CHAPTER XV
PAST HISTORIES OF PLANT FAMILIES VIII. The Horsetails
The horsetails of to-day all belong to the one genus, _Equisetum_, among the different species of which there is a remarkably close similarity. Most of the species love swampy land, and even grow standing up through water; but some live on the dry clay of ploughed fields. Wherever they grow they usually congregate in large numbers, and form little groves together. They are easily recognized by their delicate stems, branching in bottle-brush fashion, and the small leaves arranged round them in whorls, with their narrow teeth joined to a ring at the base. At the end of some of the branches come the cones, with compactly arranged and simple sporophylls all of one kind. In England most plants of this family are but a few inches or a foot in height, though one species sometimes reaches 6 ft., while in South America there are groves of delicate-stemmed plants 20 ft. high.
The ribbed stems and the whorls of small, finely toothed leaves are the most important external characteristics of the plants, while in their internal anatomy the hollow stems have very little wood, which is arranged in a series of small bundles, each associated with a hollow canal in the ground tissue.

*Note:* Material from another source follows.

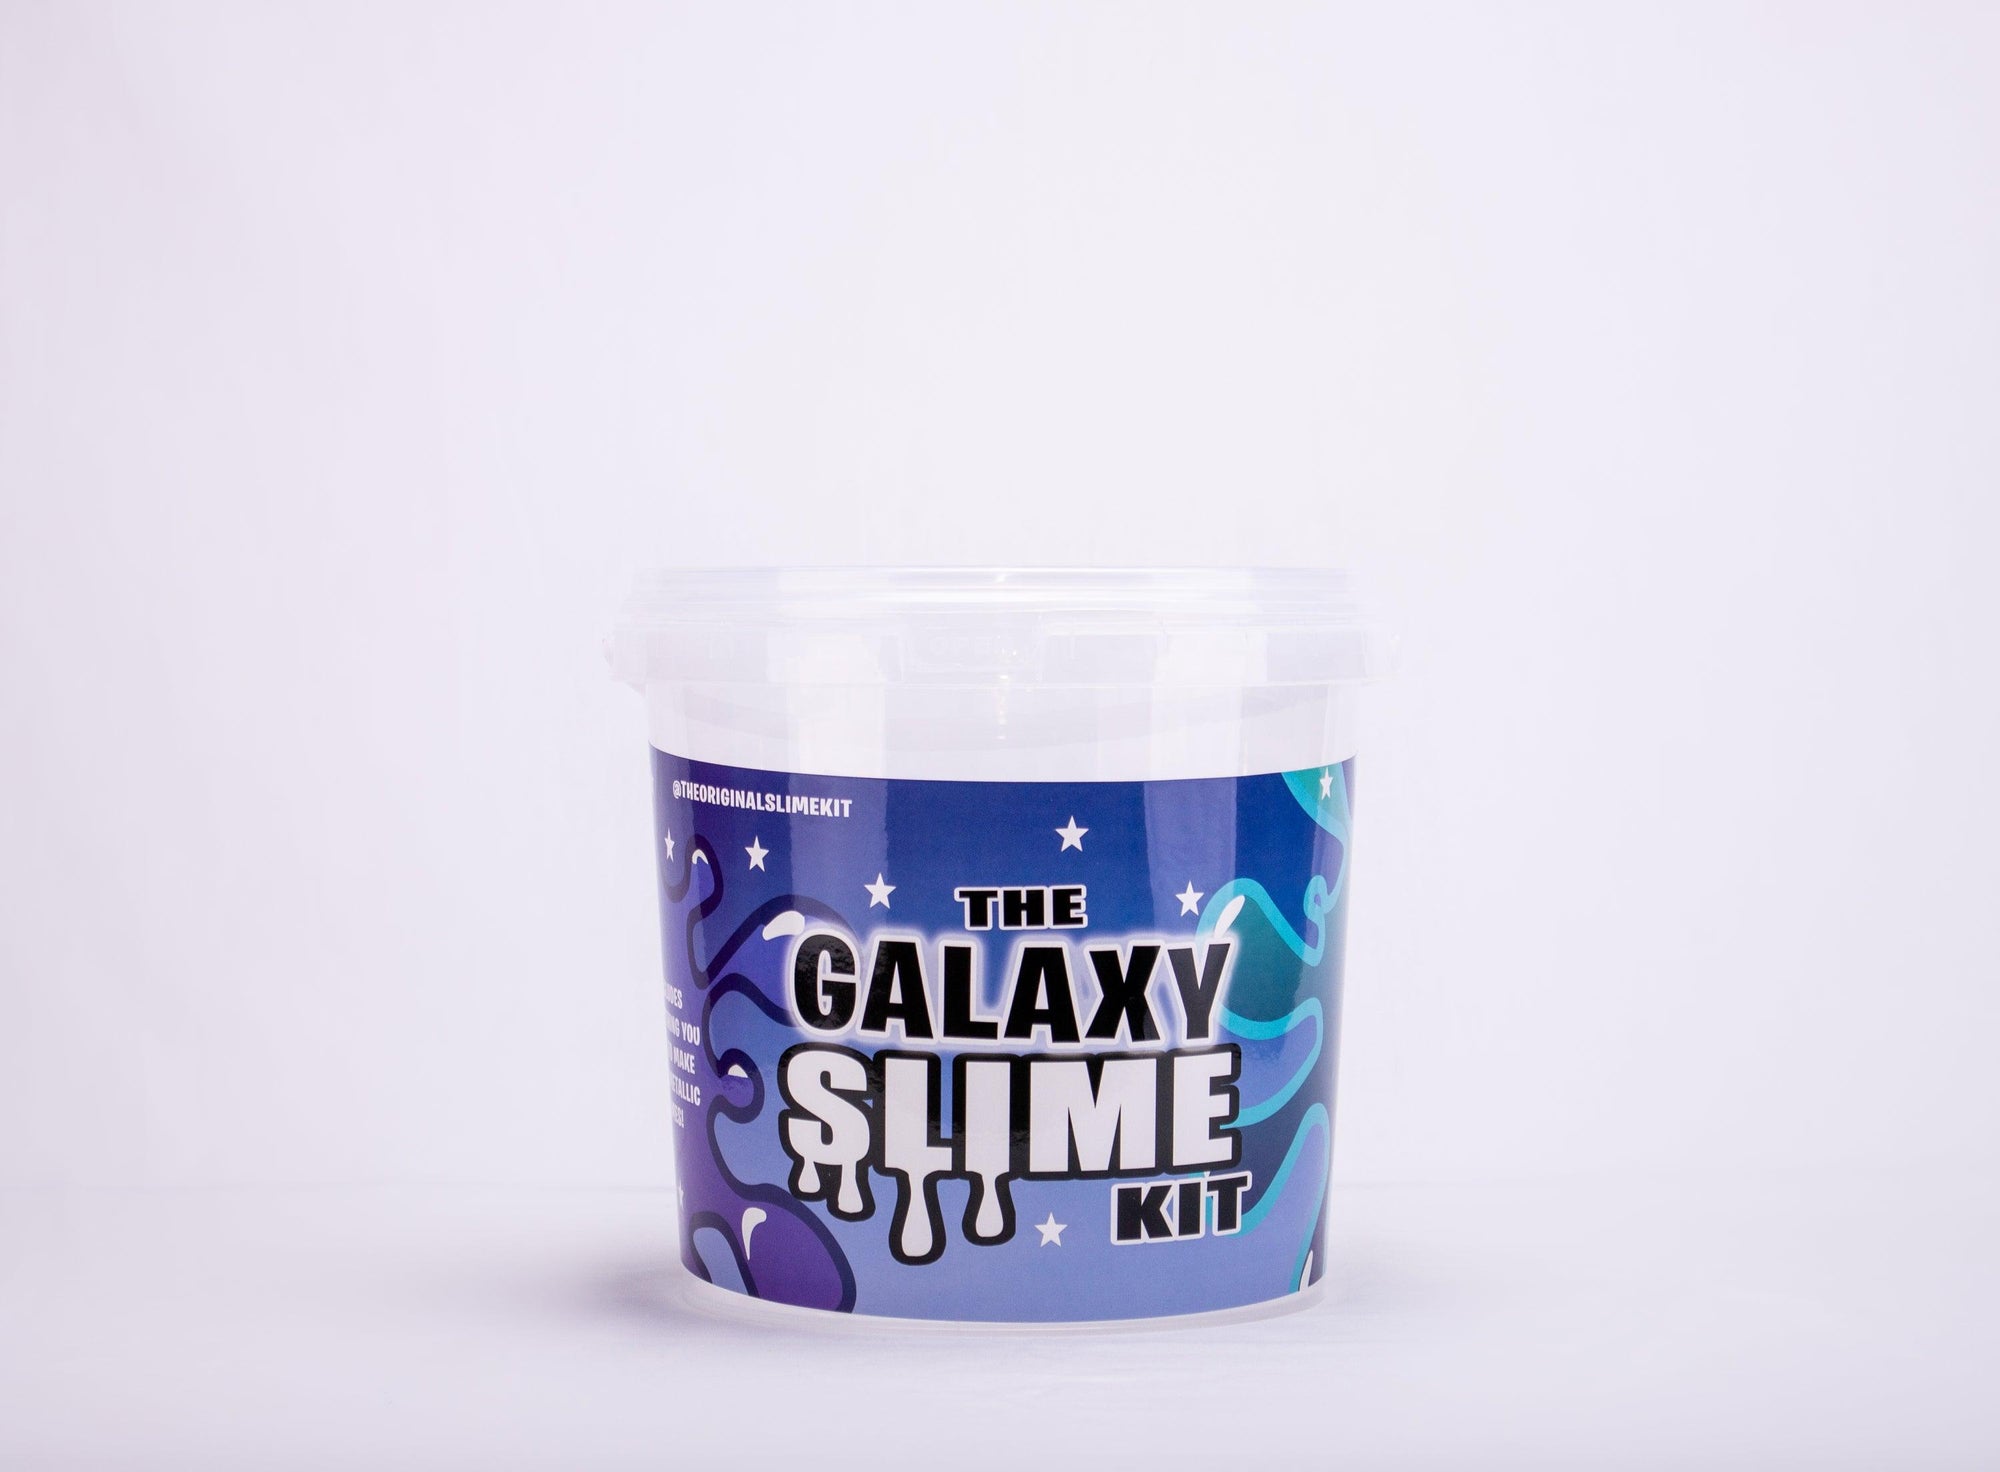 Buy The Party Slime Kit by Slime Kit from Ourkids

The family stands apart from all others, and even between it and the group of Lycopods there seems to be a big gap across which stretch no bonds of affinity. Has the group always been in a similar position, and stood isolated in a backwater of the stream of plant life?
In the late Tertiary period they seem to have held much the same position as they do now, and we learn nothing new of them from rocks of that age. When, however, we come to the Mesozoic, the members of the family are of greater size, though they appear (to judge from their external appearance) to have been practically identical with those now living in all their arrangements. In some beds their impressions are very numerous, but unfortunately most are without any indication of internal structure. Fossils from the Mesozoic are called _Equisetites_, a name which indicates that they come very close to the living ones in their characters. In the Lower Mesozoic some of these stems seem to have reached the great size of a couple of feet in circumference, but to have no essential difference from the others of the group.

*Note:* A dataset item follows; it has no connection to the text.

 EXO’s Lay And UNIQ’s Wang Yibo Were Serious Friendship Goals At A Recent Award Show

When, however, we come to the Palæozoic rocks we find many specimens with their structure preserved, and we are at once in a very different position as regards the family.
First in the Permian we meet with the important genus of plant called _Calamites_, which were very abundant in the Coal Measures. Many of the Calamites were of great size, for specimens with large trunks have been found 30 ft. and more long, which when growing must certainly have been much taller than that. The number of individuals must also have been very great, for casts and impressions of the genus are among the commonest fossils. They were, in fact, one of the dominant groups of the period. Like the Lycopods, the Equisetaceæ reached their high-water mark of development in the Carboniferous period; at that time the plants were most numerous, and of the largest size and most complicated structure that they ever attained.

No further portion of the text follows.